- _Input material_:
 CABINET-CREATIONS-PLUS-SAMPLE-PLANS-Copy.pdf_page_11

...

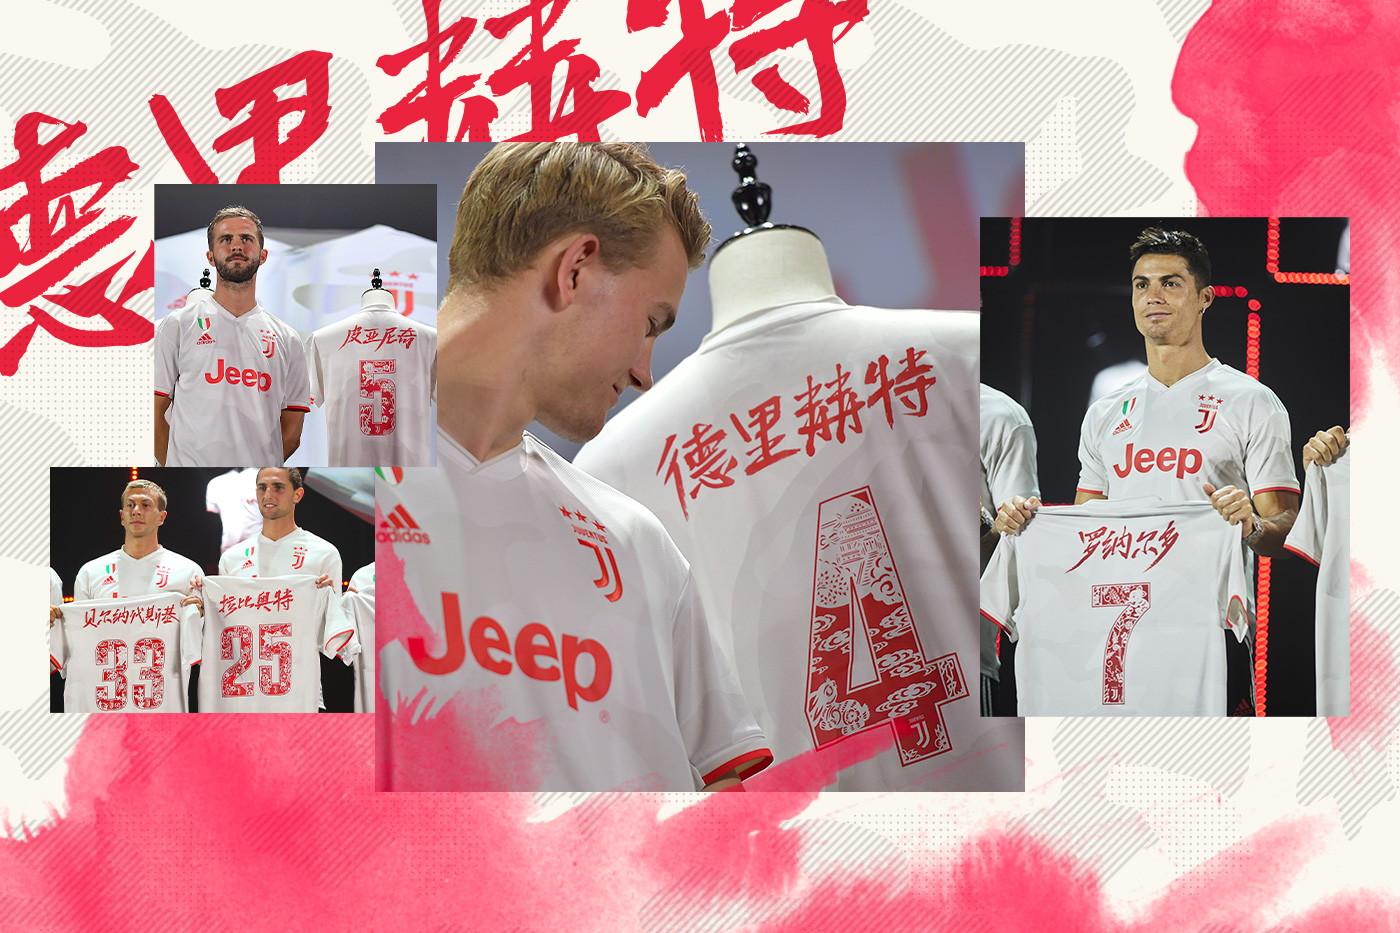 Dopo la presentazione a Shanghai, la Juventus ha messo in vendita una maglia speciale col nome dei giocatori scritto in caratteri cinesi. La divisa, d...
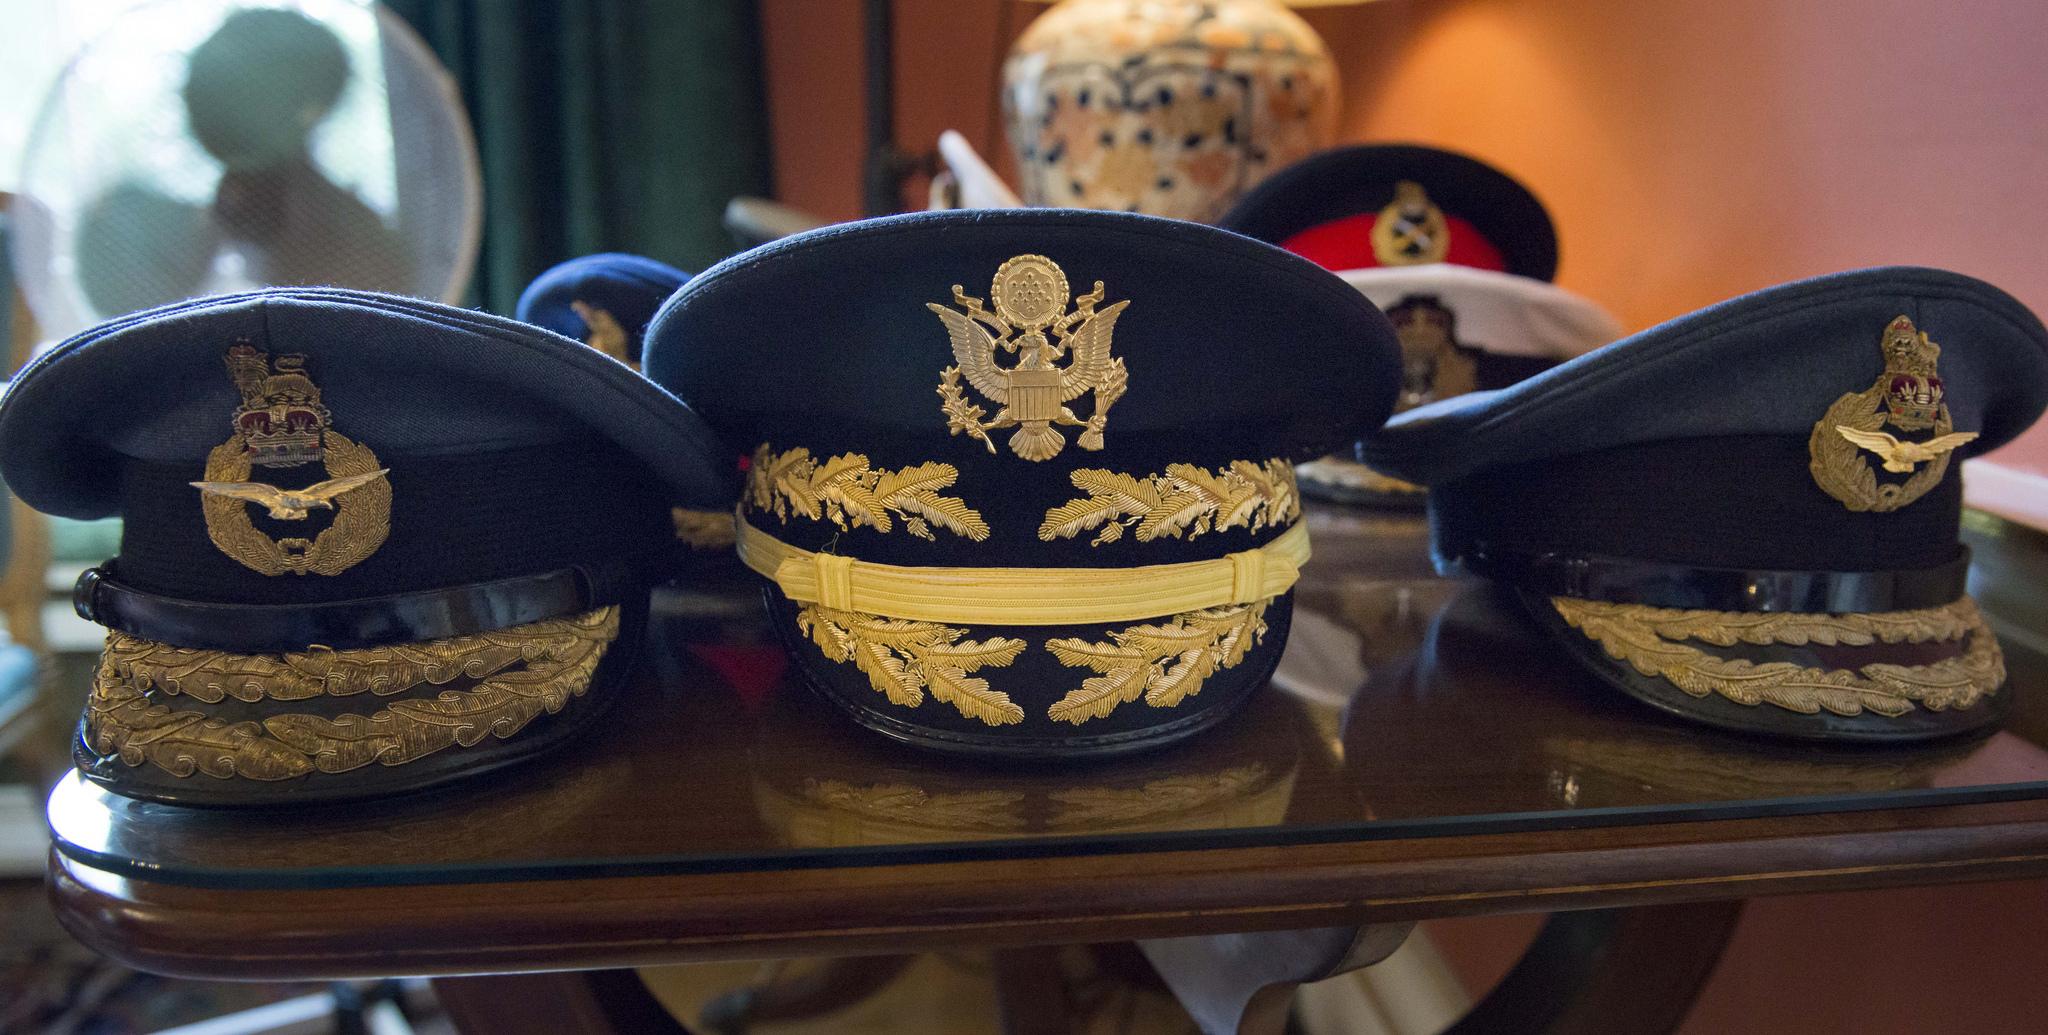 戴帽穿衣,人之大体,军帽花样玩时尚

- _Exercise objective_: An exact copy is needed. It runs from the line above containing "Dopo la presentazione" down to the line containing "戴帽穿衣,人之大体,军帽花样玩时尚", both included, with no pictures.

- _Answer to this task_:
 Dopo la presentazione a Shanghai, la Juventus ha messo in vendita una maglia speciale col nome dei giocatori scritto in caratteri cinesi. La divisa, d...
 戴帽穿衣,人之大体,军帽花样玩时尚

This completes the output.